■ INFORMATION SHOWN:
☆ ☆ ☆ ☆ ☆ ☆ ☆
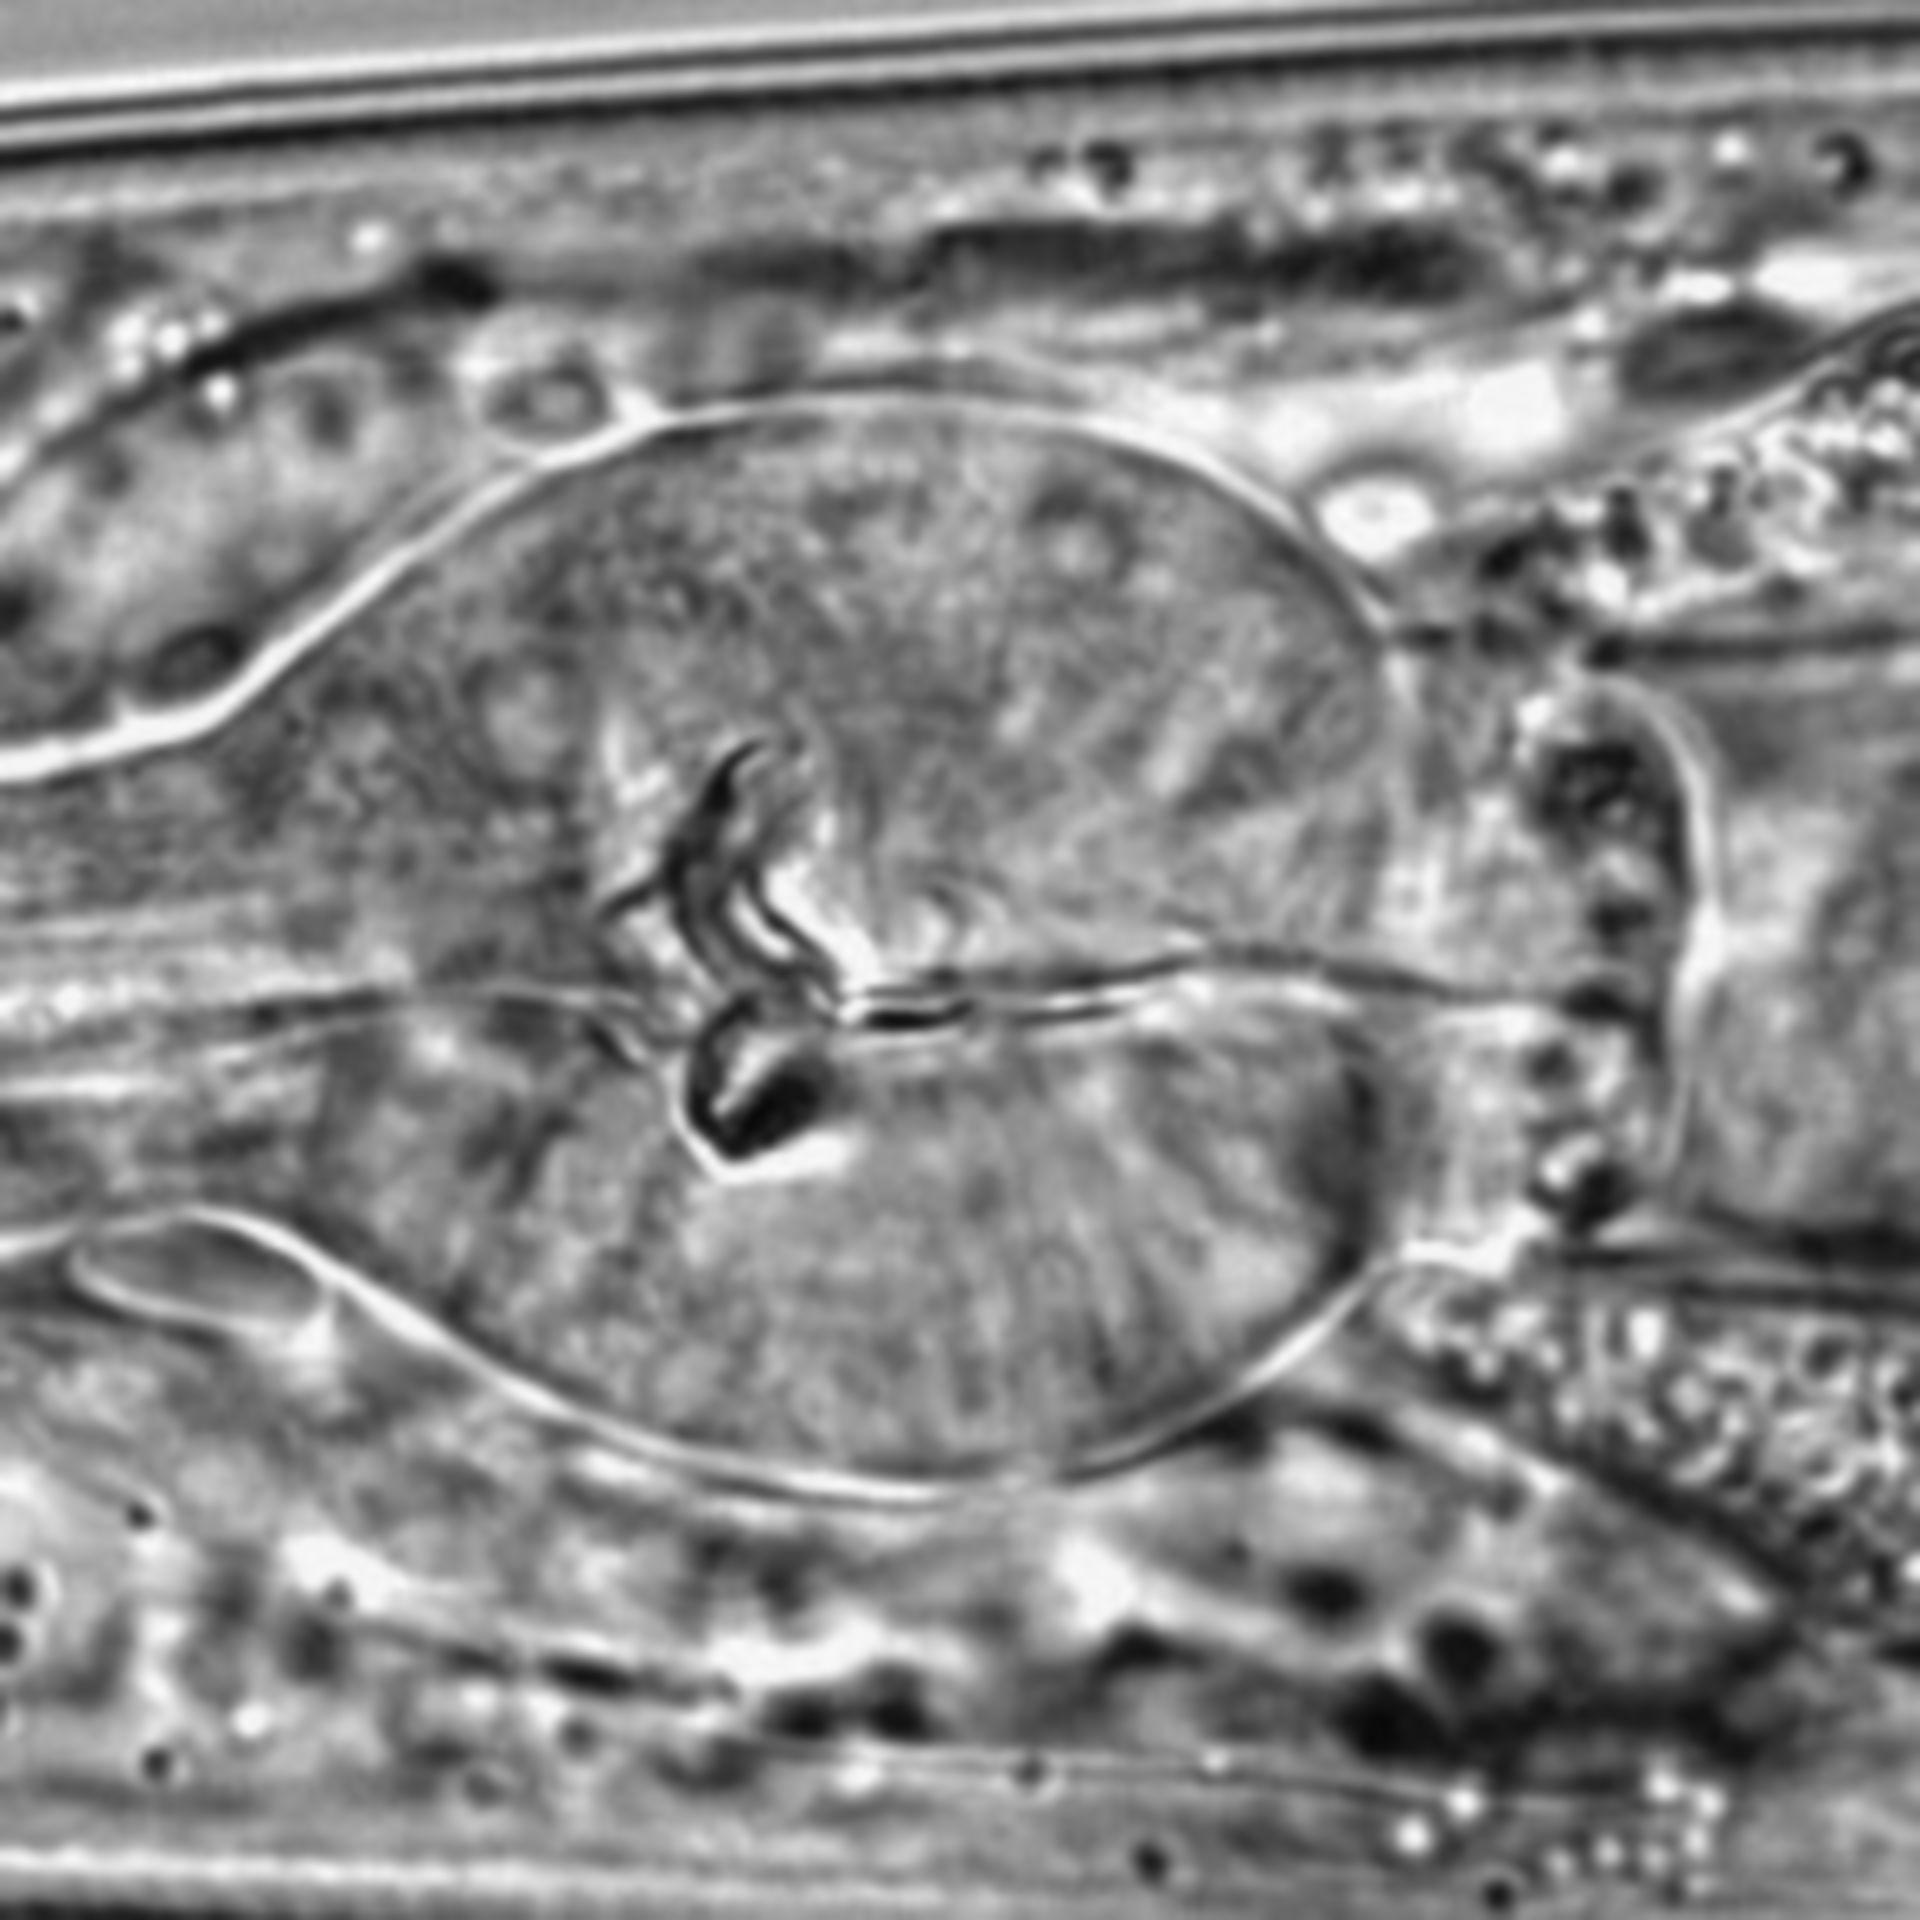 Caenorhabditis elegans - CIL:1604
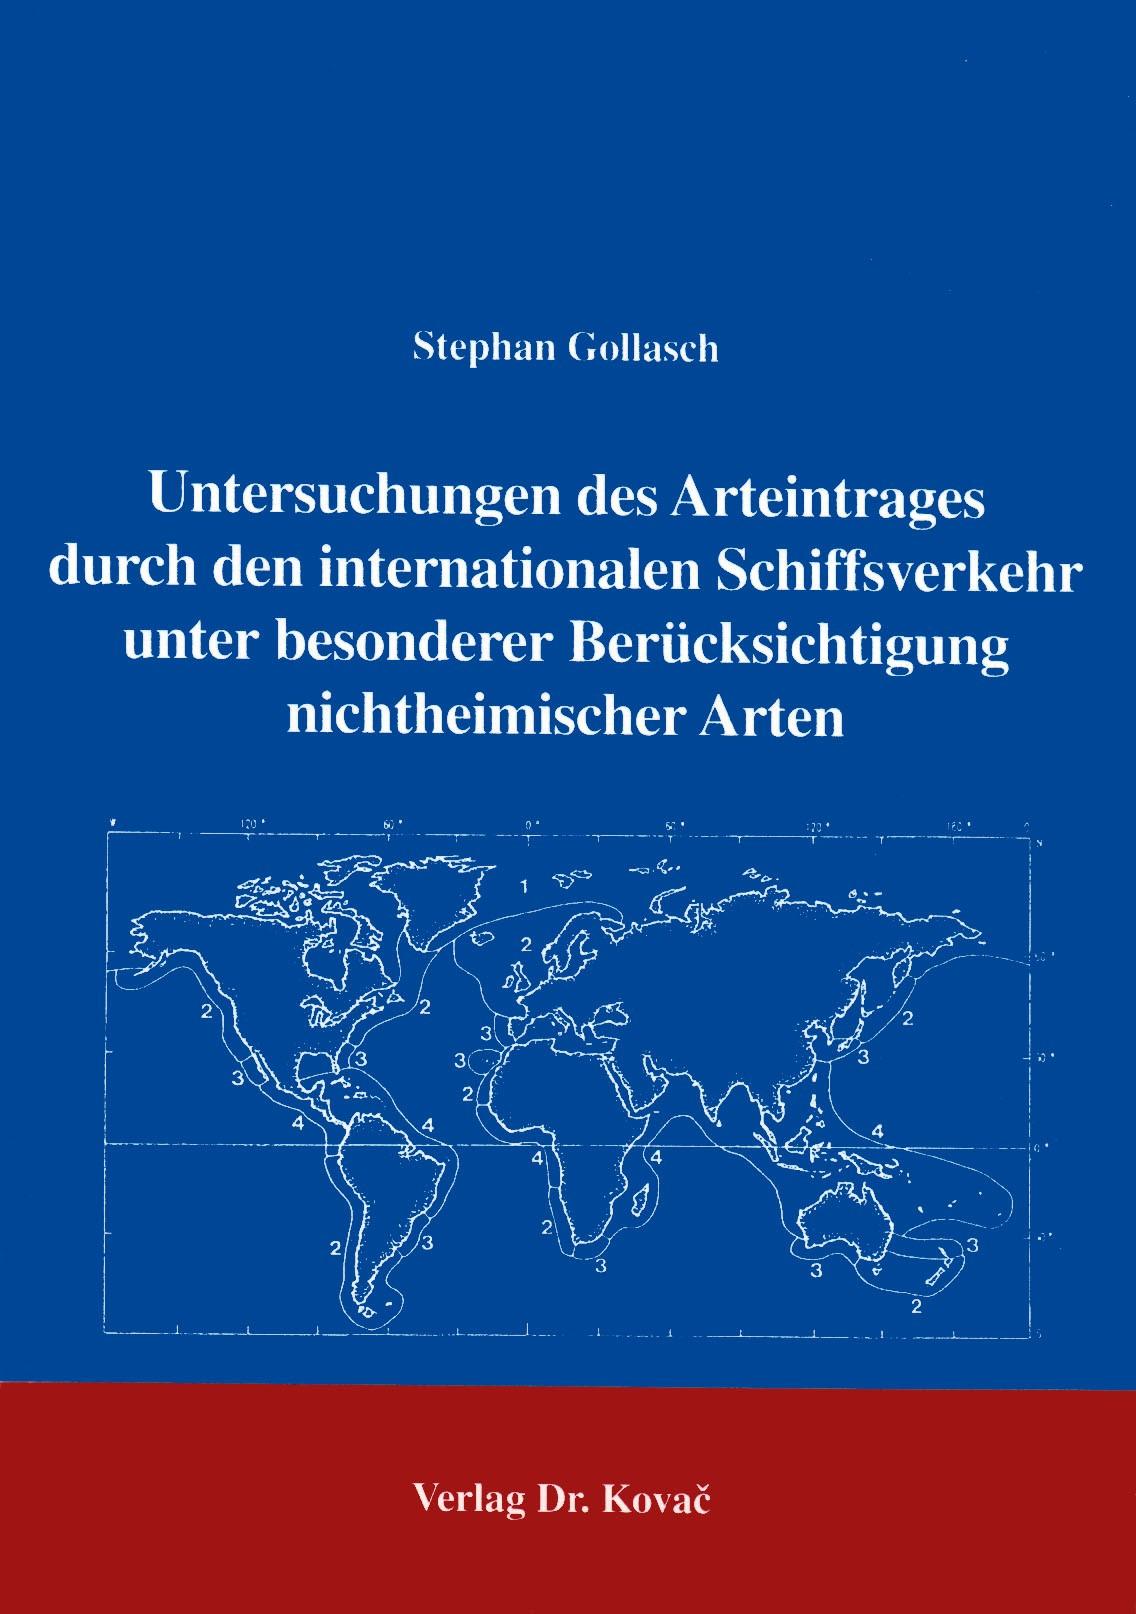 Abbildung von Gollasch | Untersuchungen des Arteintrages durch den internationalen Schiffsverkehr unter besonderer Berücksichtigung nichtheimischer Arten | 1996
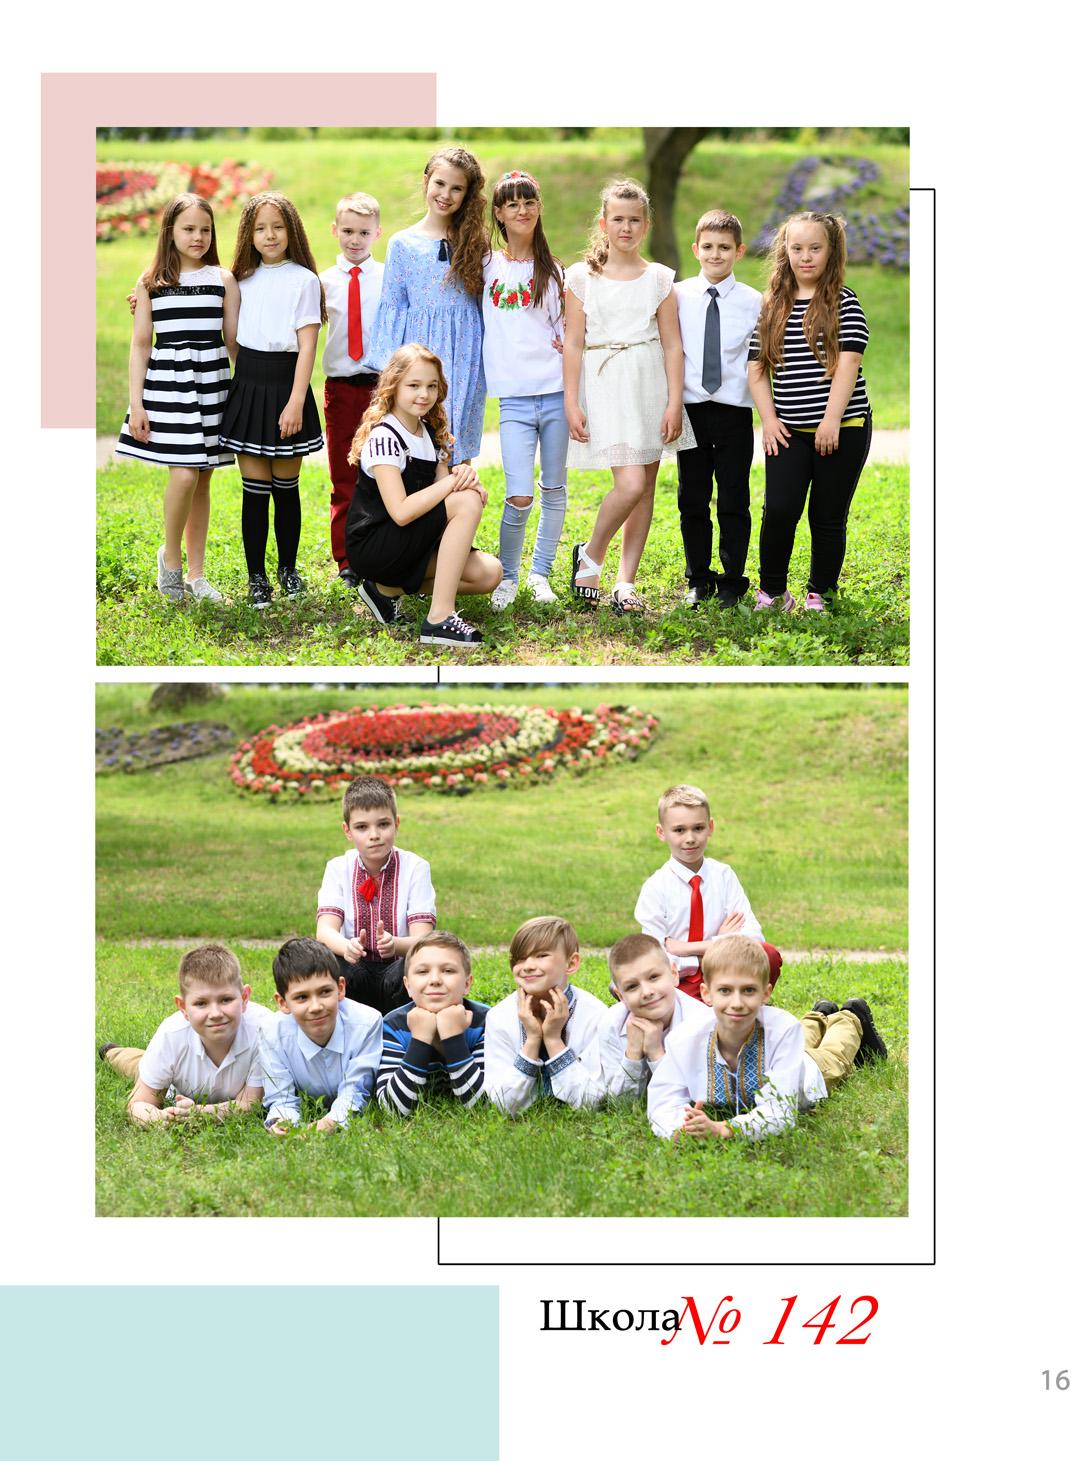 https://school-photo.com.ua/wp-content/uploads/2021/09/16-копия.jpg
☆ ☆ ☆ ☆ ☆ ☆ ☆
■ PROBLEM DETAILS: Reproduce exactly, and only, the lines from the one with "Abbildung von Gollasch" to the final line of the listing above; the pictures are to be left out.

■ EXERCISE SOLUTION:
 Abbildung von Gollasch | Untersuchungen des Arteintrages durch den internationalen Schiffsverkehr unter besonderer Berücksichtigung nichtheimischer Arten | 1996
 https://school-photo.com.ua/wp-content/uploads/2021/09/16-копия.jpg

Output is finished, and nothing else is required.